Start of Extracted records
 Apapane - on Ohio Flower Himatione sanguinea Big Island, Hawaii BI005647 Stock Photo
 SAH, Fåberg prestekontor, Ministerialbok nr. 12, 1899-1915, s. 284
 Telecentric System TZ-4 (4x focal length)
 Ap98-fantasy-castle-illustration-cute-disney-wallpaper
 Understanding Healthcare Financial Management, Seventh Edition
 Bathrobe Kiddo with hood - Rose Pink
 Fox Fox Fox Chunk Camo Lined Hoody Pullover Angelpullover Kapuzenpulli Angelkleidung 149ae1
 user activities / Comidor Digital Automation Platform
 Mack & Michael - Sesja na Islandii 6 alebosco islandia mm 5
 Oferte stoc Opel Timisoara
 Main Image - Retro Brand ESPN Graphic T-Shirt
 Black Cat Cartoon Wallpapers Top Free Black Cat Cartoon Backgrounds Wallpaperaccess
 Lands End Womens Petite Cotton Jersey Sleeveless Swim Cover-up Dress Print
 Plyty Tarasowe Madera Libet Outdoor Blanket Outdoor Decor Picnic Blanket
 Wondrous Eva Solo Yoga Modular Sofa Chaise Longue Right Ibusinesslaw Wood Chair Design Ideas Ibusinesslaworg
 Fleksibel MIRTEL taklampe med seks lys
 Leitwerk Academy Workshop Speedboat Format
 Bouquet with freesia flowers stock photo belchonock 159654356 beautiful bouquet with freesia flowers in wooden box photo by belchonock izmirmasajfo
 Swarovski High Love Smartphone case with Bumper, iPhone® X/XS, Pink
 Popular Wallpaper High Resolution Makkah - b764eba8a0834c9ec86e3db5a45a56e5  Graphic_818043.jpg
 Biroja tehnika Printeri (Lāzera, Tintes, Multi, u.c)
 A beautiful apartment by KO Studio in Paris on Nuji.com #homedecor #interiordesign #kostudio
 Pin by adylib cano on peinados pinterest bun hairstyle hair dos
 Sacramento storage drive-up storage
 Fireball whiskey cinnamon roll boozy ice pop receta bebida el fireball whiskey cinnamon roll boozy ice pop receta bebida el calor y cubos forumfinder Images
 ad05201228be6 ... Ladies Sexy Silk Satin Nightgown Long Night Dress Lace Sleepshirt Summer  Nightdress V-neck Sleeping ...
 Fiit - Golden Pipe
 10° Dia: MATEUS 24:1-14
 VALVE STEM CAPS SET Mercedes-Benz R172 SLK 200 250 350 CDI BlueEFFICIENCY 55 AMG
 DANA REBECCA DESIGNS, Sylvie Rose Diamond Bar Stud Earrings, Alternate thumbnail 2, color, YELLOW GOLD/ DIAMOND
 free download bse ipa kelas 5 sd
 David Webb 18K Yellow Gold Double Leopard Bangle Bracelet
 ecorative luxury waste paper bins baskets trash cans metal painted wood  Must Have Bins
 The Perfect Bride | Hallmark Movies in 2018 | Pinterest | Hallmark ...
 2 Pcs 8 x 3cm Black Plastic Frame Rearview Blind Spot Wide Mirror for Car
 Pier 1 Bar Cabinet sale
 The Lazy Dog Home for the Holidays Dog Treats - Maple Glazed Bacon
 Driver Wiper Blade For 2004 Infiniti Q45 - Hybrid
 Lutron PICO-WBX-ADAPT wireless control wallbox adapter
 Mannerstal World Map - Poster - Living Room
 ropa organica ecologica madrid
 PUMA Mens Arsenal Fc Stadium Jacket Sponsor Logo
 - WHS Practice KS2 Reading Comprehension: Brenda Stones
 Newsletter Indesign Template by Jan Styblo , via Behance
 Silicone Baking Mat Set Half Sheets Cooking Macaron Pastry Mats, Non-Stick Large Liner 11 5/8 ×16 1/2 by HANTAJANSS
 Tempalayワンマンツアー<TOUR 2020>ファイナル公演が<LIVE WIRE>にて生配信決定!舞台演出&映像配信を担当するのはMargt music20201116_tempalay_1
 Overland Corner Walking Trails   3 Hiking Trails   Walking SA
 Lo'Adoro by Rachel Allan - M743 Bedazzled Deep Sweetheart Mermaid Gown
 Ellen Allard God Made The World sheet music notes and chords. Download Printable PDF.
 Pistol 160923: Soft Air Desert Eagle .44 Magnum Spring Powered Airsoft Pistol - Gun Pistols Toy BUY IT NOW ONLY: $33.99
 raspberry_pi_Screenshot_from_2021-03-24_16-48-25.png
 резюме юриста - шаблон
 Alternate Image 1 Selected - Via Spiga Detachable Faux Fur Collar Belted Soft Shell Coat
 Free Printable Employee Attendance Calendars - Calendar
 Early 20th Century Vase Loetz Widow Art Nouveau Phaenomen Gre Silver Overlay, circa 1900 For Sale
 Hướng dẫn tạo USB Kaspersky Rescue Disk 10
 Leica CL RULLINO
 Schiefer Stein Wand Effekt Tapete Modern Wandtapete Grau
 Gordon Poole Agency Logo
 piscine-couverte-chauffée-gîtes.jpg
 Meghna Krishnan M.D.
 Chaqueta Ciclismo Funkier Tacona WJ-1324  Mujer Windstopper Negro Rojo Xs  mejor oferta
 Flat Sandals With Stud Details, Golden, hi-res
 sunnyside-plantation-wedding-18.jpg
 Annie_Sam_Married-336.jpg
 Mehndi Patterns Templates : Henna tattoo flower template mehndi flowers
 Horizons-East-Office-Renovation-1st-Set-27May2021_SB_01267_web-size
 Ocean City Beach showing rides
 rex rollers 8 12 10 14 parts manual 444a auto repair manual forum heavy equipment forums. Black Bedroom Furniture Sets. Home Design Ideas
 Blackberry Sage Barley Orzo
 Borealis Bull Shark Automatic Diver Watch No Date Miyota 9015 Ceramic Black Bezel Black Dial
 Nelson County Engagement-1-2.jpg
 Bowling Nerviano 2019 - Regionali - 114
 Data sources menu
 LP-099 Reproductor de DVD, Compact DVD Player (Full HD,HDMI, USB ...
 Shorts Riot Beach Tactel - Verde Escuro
End of Extracted records
▸ The problem
Identify the lines above with the word "Alternate". Copy them.

▸ Expected answer
 DANA REBECCA DESIGNS, Sylvie Rose Diamond Bar Stud Earrings, Alternate thumbnail 2, color, YELLOW GOLD/ DIAMOND
 Alternate Image 1 Selected - Via Spiga Detachable Faux Fur Collar Belted Soft Shell Coat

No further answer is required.